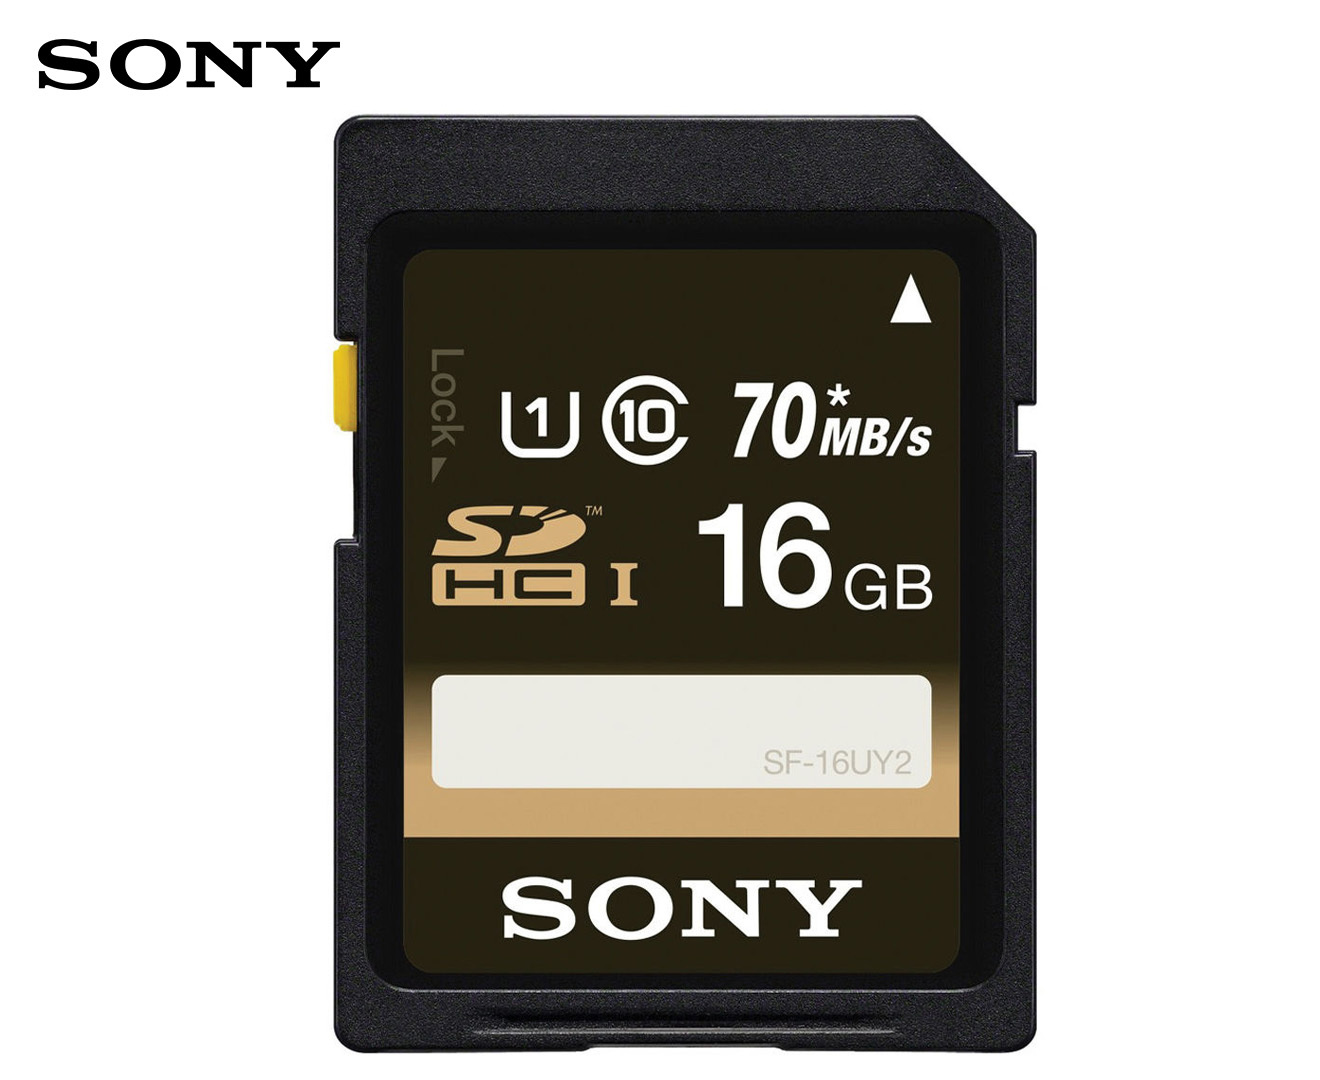 Sony UHS-I Class 10 SDXC/SDHC 16GB Memory Card
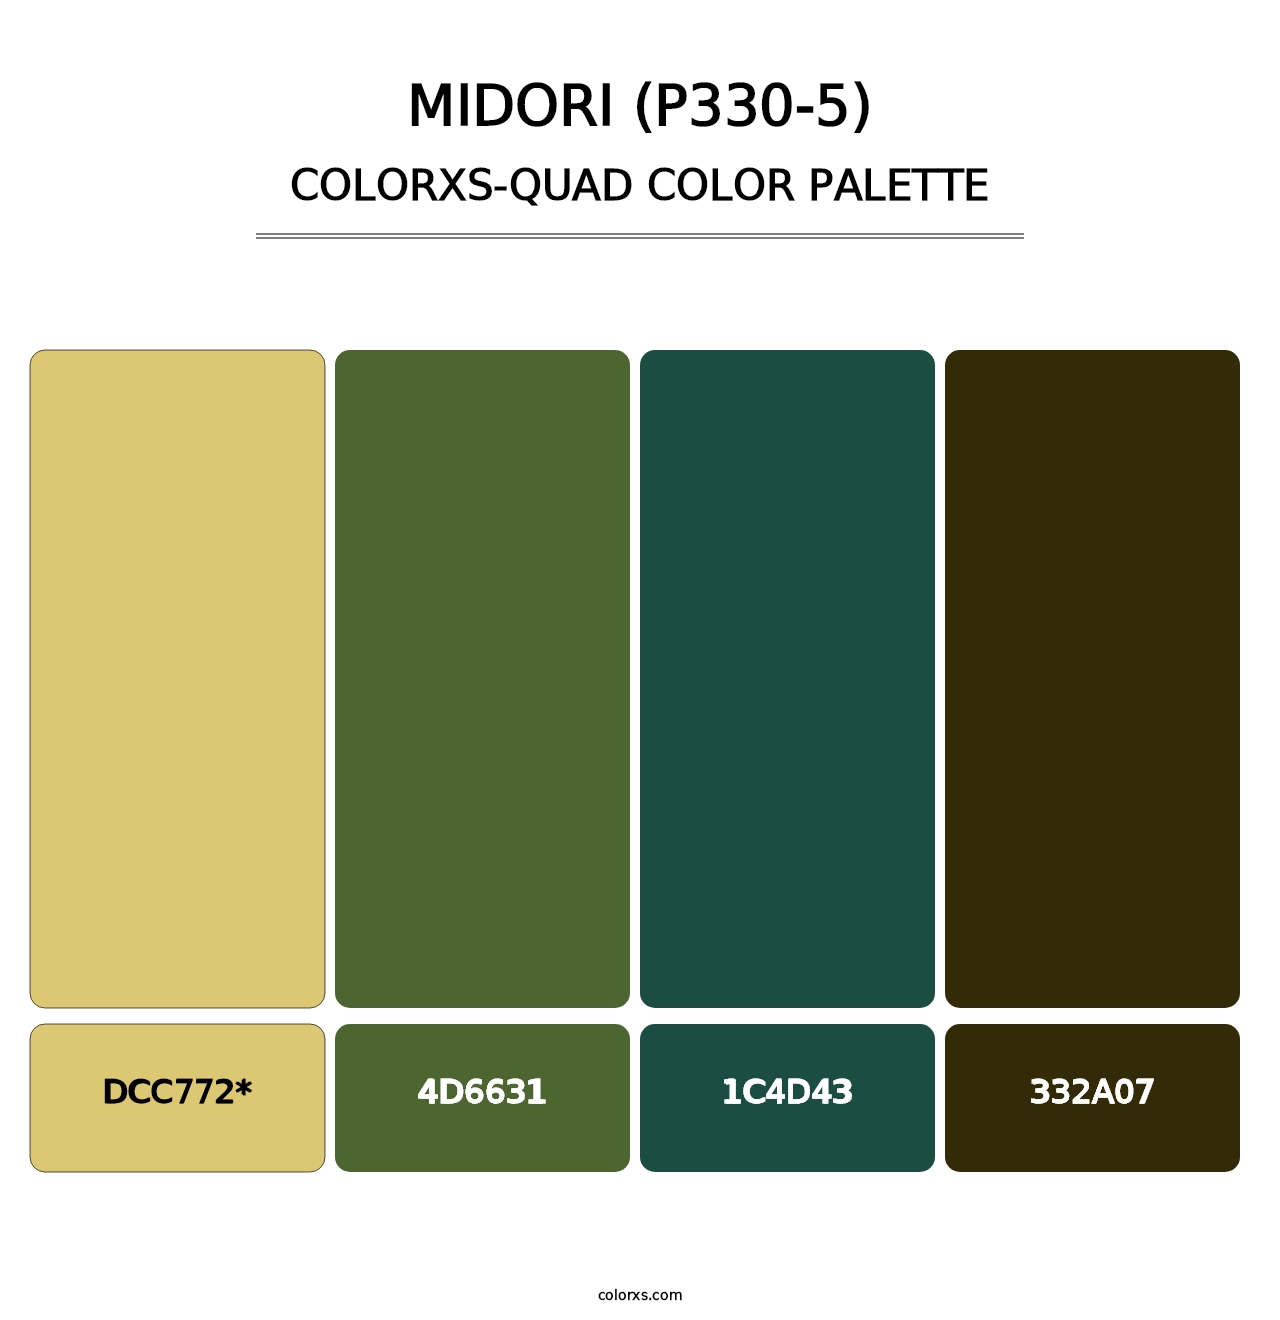 Midori (P330-5) - Colorxs Quad Palette
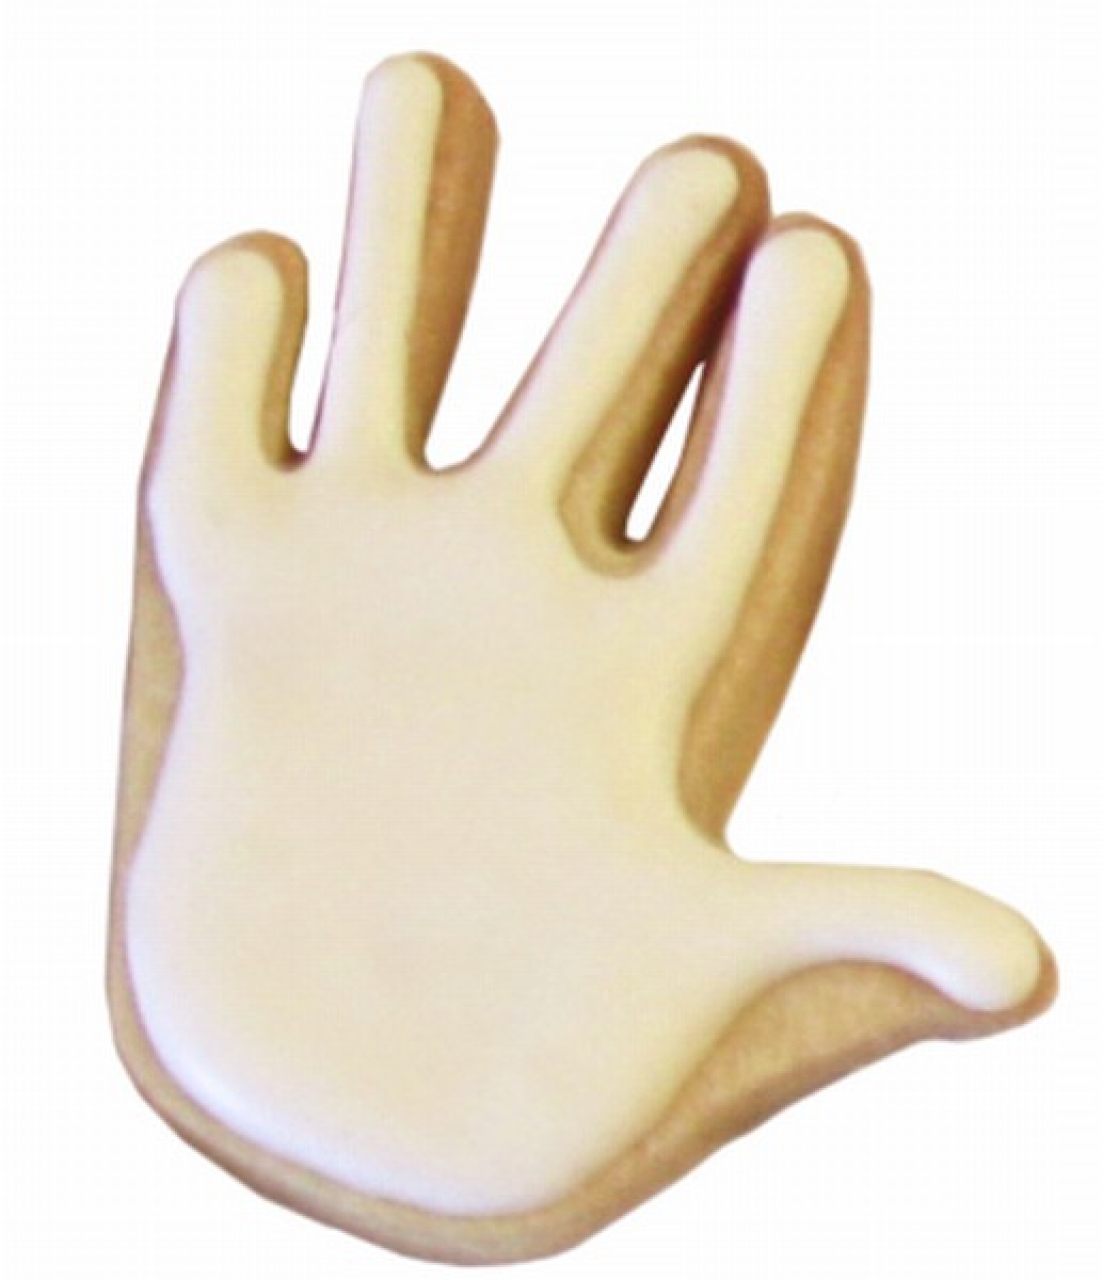 Plätzchen Ausstecher "Hand" , 6,5 cm, Edelstahl
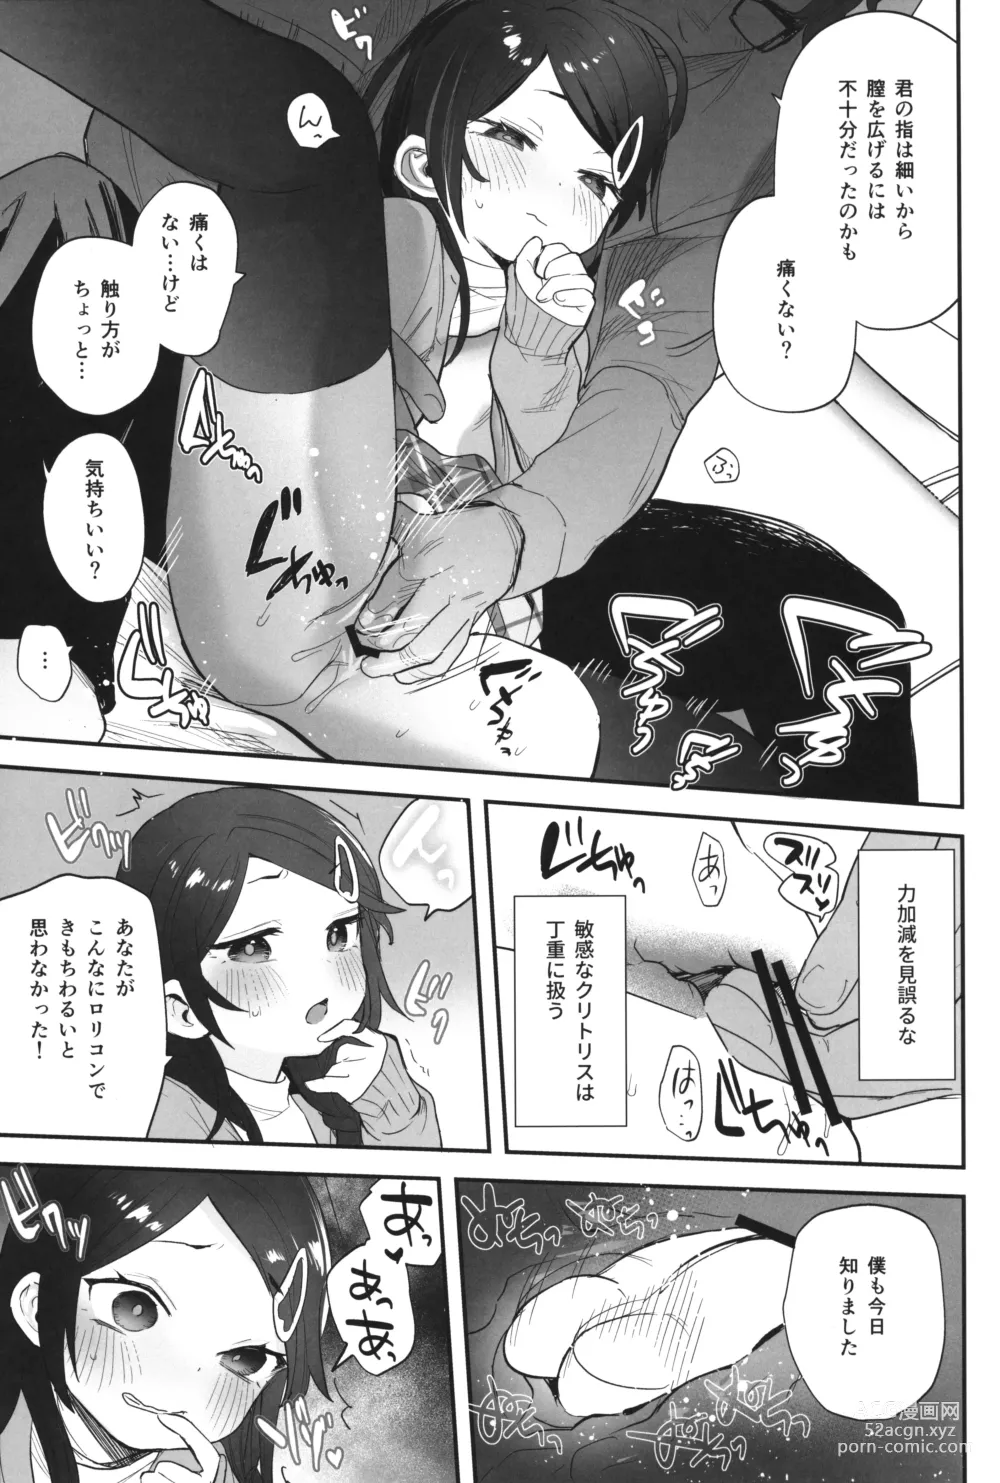 Page 12 of doujinshi Futoukou de Daitensai no Kimi no Ana ga Umaru made

........

Everything in the listing except the pictures must be reproduced exactly.

OUTPUT BELOW
 Sony UHS-I Class 10 SDXC/SDHC 16GB Memory Card
 Midori (P330-5) - Colorxs Quad Palette
 Plätzchen Ausstecher "Hand" , 6,5 cm, Edelstahl
 Page 12 of doujinshi Futoukou de Daitensai no Kimi no Ana ga Umaru made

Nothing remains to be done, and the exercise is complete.